Questions over high frequency of mutant PfATP6 haplotypes in traveller isolates
© Woodrow et al.; license Biomed Central Ltd. 2012
Received: 17 May 2012
Accepted: 1 June 2012
Published: 8 June 2012
A recent paper in Malaria Journal suggests that a high proportion of Plasmodium falciparum isolates found in travellers returning from a range of African countries carry the PfATP6 A623E S769N haplotype, and that this genotype is associated with artemether resistance. Such a finding would represent a substantial departure from the extensive literature reporting these individual mutations to be very rare, with the double mutation never documented. The number of isolates screened to obtain these double mutants is unstated, but highly relevant, not least because selection of isolates could have introduced significant confounders, such as timing of in vitro testing. An additional concern relates to the location of sequencing primers used to assess these positions. In the absence of clear information on these fundamental questions it would be appropriate to treat the findings with caution.

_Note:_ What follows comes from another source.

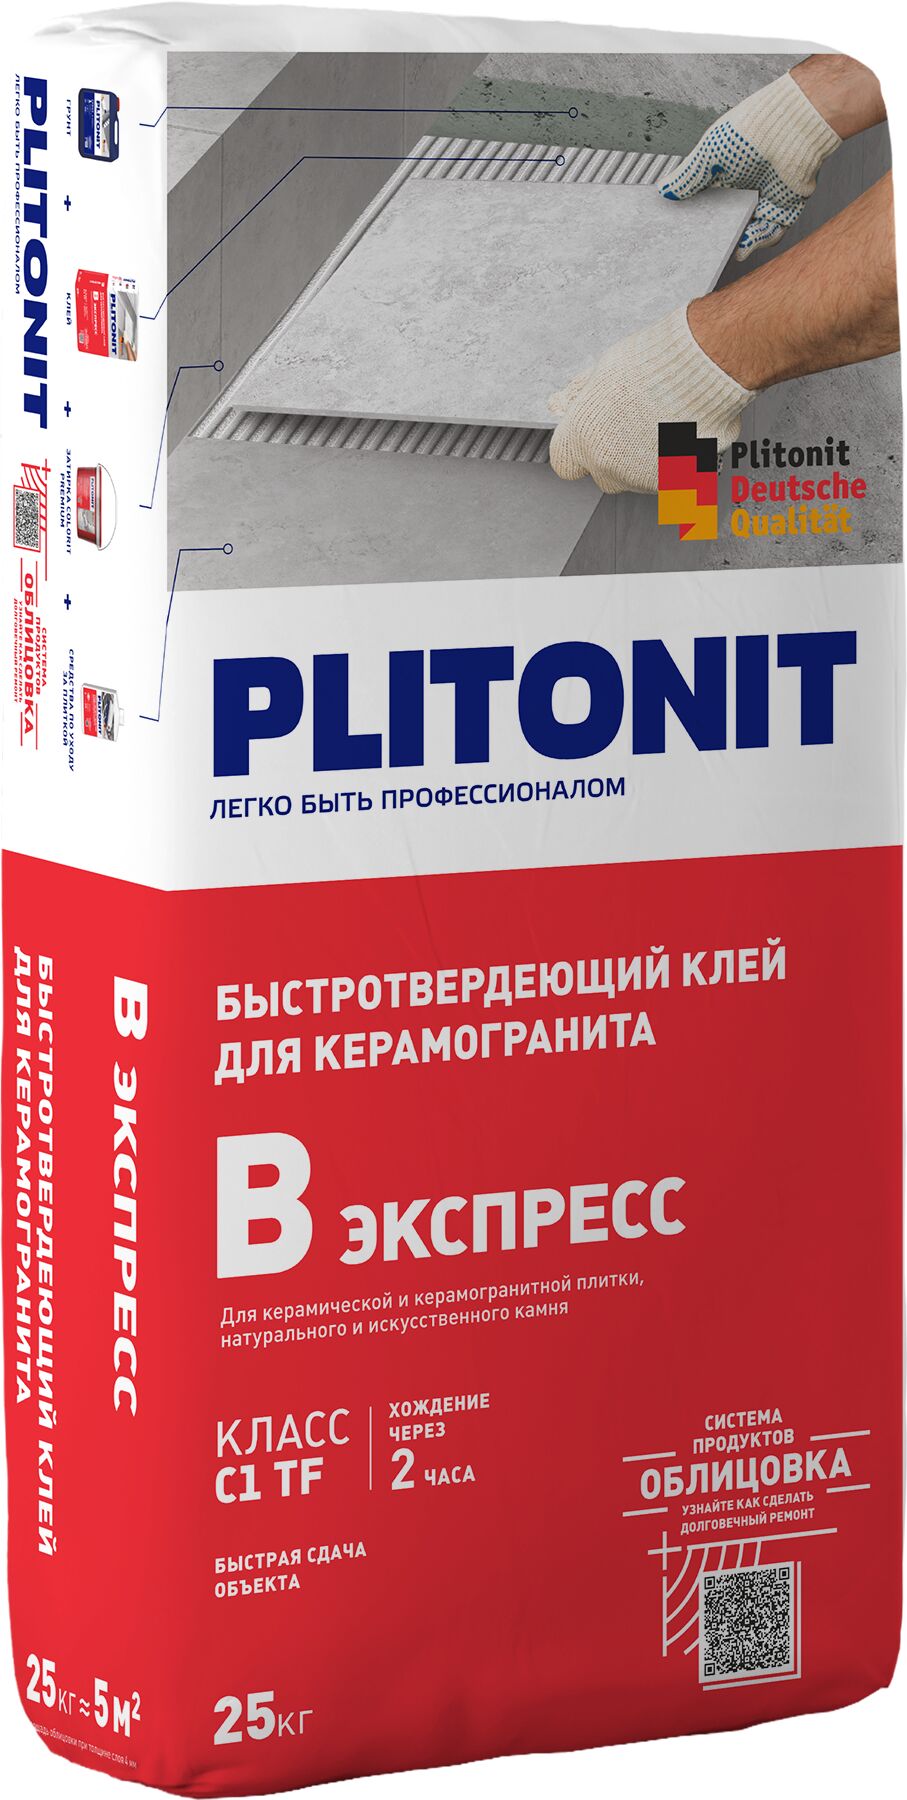 PLITONIT В экспресс (Вб) -25 быстротвердеющий клей, класс С1 ТF

Previous publications on prevalence of the A623E and S769N polymorphisms in the countries described by Pillai et al.
The finding of A623E S769N double mutants in 11 of 28 patients in one centre is, therefore, highly unexpected. The authors propose that natural selection for these polymorphisms may be taking place in the countries of origin for these parasites, because of the rapid scale up of anti-malarial treatment programmes being implemented in recent years. However, before natural selection is invoked, a much more basic concern needs to be addressed, namely selection of isolates in the laboratory. It is notable that the median date of receipt for the mutant isolates was around 500 days before that of the wild-type samples (according to the supplementary data). This is of profound methodological importance since use of wild-type controls with different properties to the mutant population (such as date of assay) would introduce a significant confounder. How many isolates were screened to obtain the final 11 double mutants? And how were the wild-type controls selected?
In the absence of clear information on these fundamental questions it would be appropriate to treat the findings and conclusions of the article with caution.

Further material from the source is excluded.